丸子汤冒着白色的香气,热腾腾的,芫荽的味儿咋恁好闻,在家我是不吃的,嫌它有不能忍受的臭虫味儿。在这儿我忽然觉出它的清香来,特别想尝尝。它还是它呀,它一到城里咋变得好吃了呢?但,我也就是看看闻闻,丸子汤要钱。
羊肉汤炝锅面门前咋恁多人在排队?我小心翼翼地站在一位小姑娘身后,她和我一样高,两条辫子上扎着红彤彤的绸条,绸条扎成的蝴蝶结像两朵红花,太阳照在上面红得耀眼。
“妈妈,一会儿吃饭找的零钱给我买包糖呗,我想吃水果糖!”我一听,赶紧走开了,装作只是路过看热闹的。

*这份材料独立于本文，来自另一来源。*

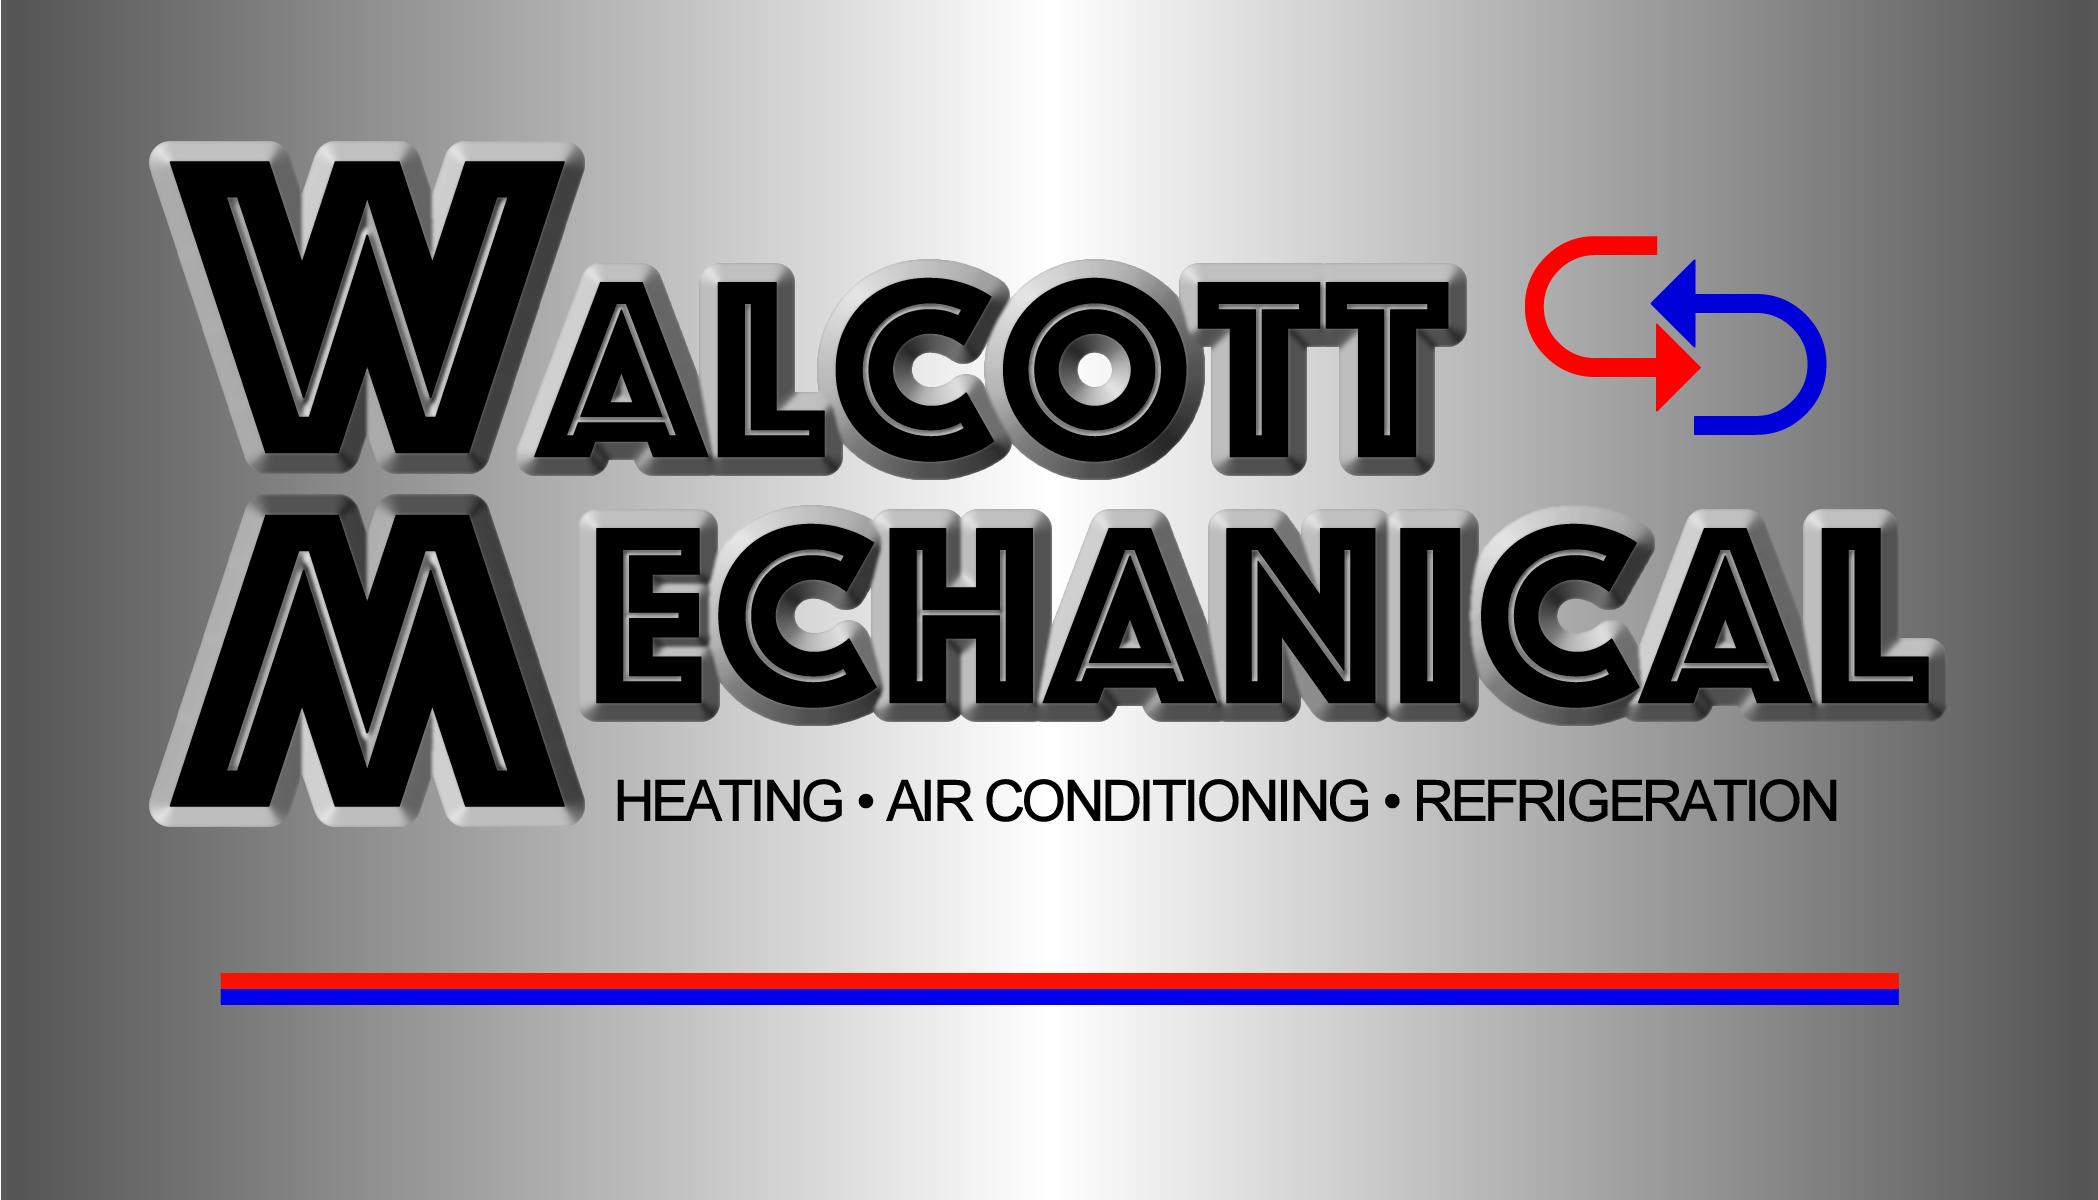 Walcott Mechanical
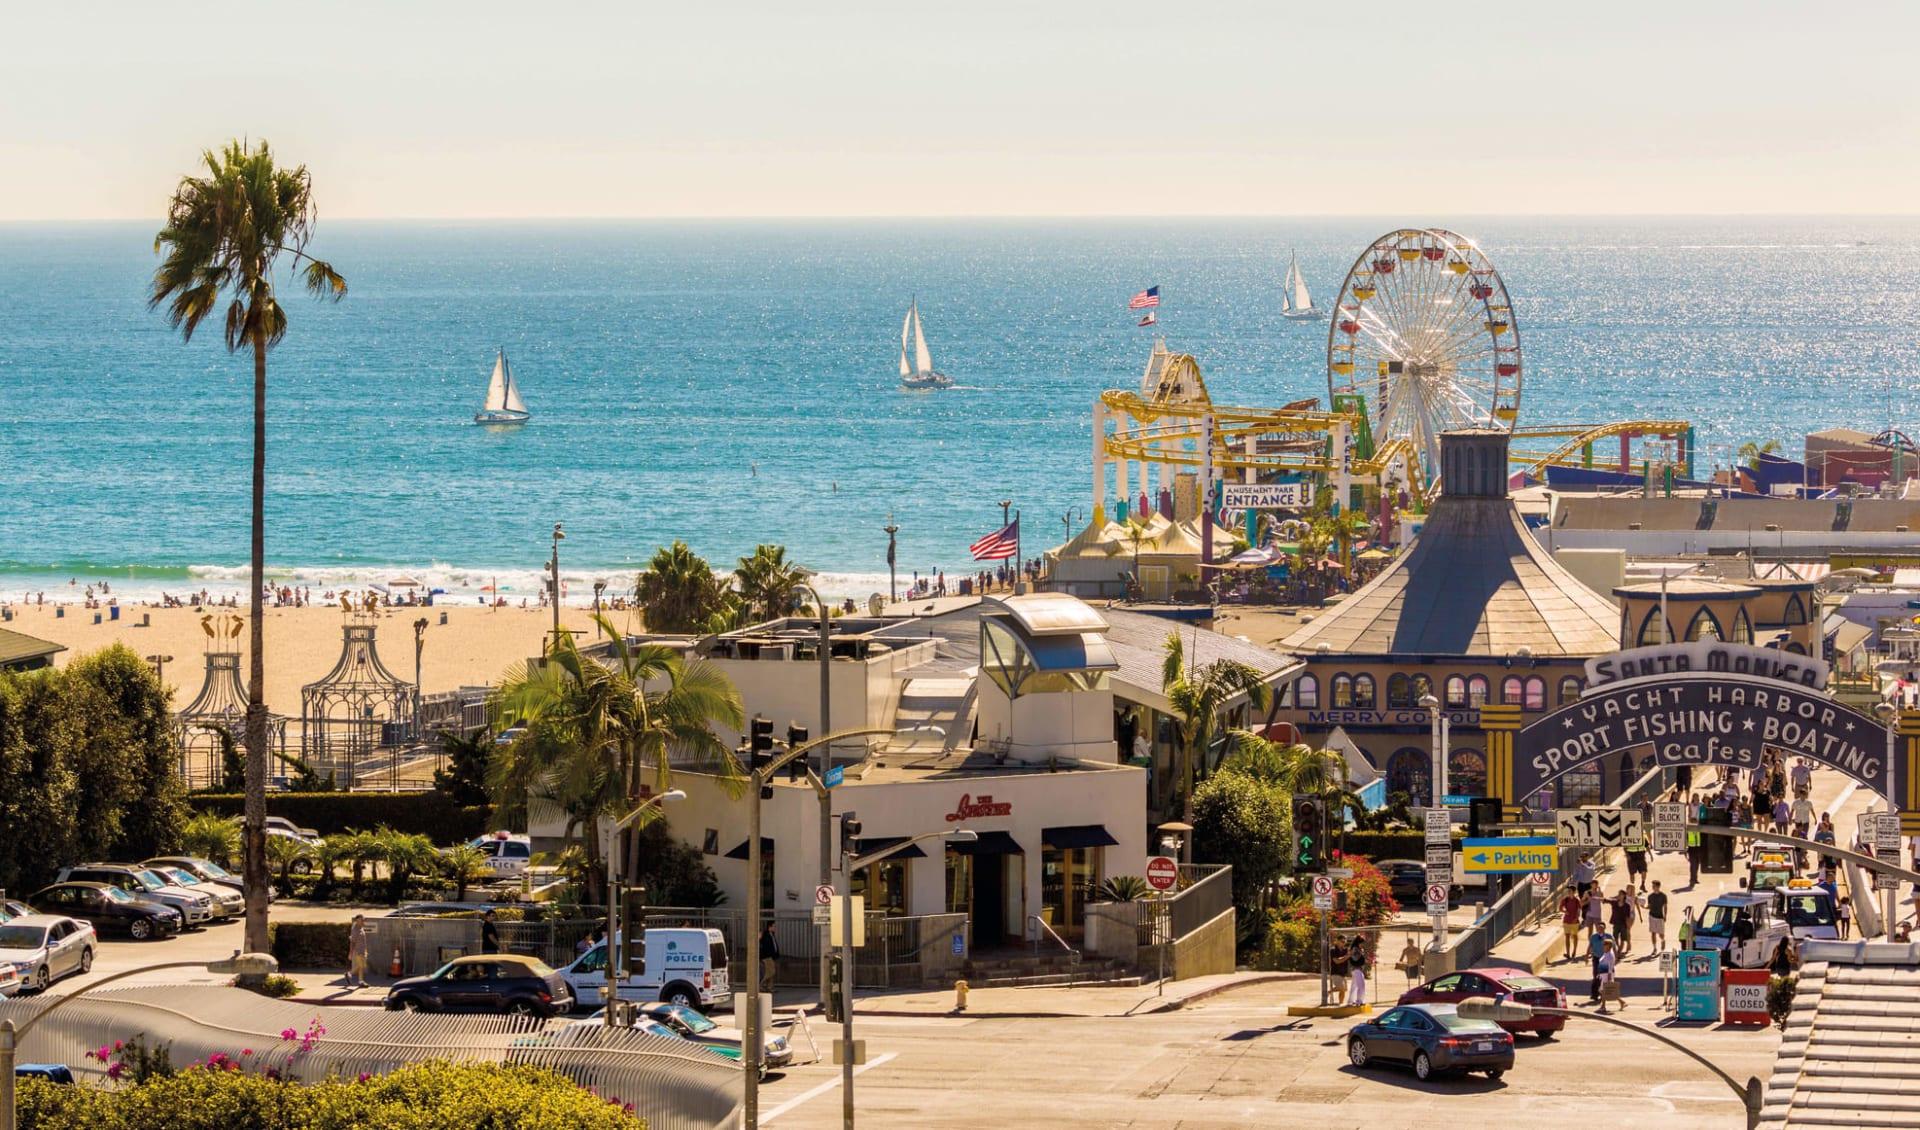 Western Bonanza ab San Francisco: USA - California - Santa Monica

“咚咚咚、锵锵锵”,红狮子、黄狮子、绿狮子在人们的叫好声中忽上忽下,忽高忽低,闪转腾挪,真能耐啊!我的眼睛盯着红狮子转,听不见肚子咕噜噜直喊饿。
南北向的南大街,街两边挨挨挤挤。卖鱼的,卖肉的,卖鞭炮的,卖鸡的,卖鹅的,卖布的,卖对联的,卖衣裳的,大人小孩儿,男的女的,又喊又叫,吵吵闹闹,热闹得像刚放学的校门口儿,你挤我我挤你。
走到点心铺前,我的双脚走不动了。我使劲儿咽了咽口水,又使劲儿攥了攥裤兜里的一块三毛钱。
“卖头花儿、卖头花儿!”我的一双腿像遭遇吸铁石的铁,身不由己地被吸到那一担子的头花跟前。我想了又想,还是把头花儿放回了原处。
“奶,我回来了。”太阳偏西的时候,我回到了家。
“看看,头上冒烟气啰,咋出恁多汗?”正在灶火(厨房)烧火做饭的奶奶替我抹抹额头鬓边的汗水。我端起灶台上的一碗水,咕咚咕咚倒进了肚子里。
“奶,给,钱!我进城没有花一分钱!赶紧做饭呗,我要吃仨玉米面饼子!”我得意地把手伸进裤兜,却怎么也摸不着那一块三毛钱,钱丢了。呜呜呜!11岁的我哭得稀里哗啦……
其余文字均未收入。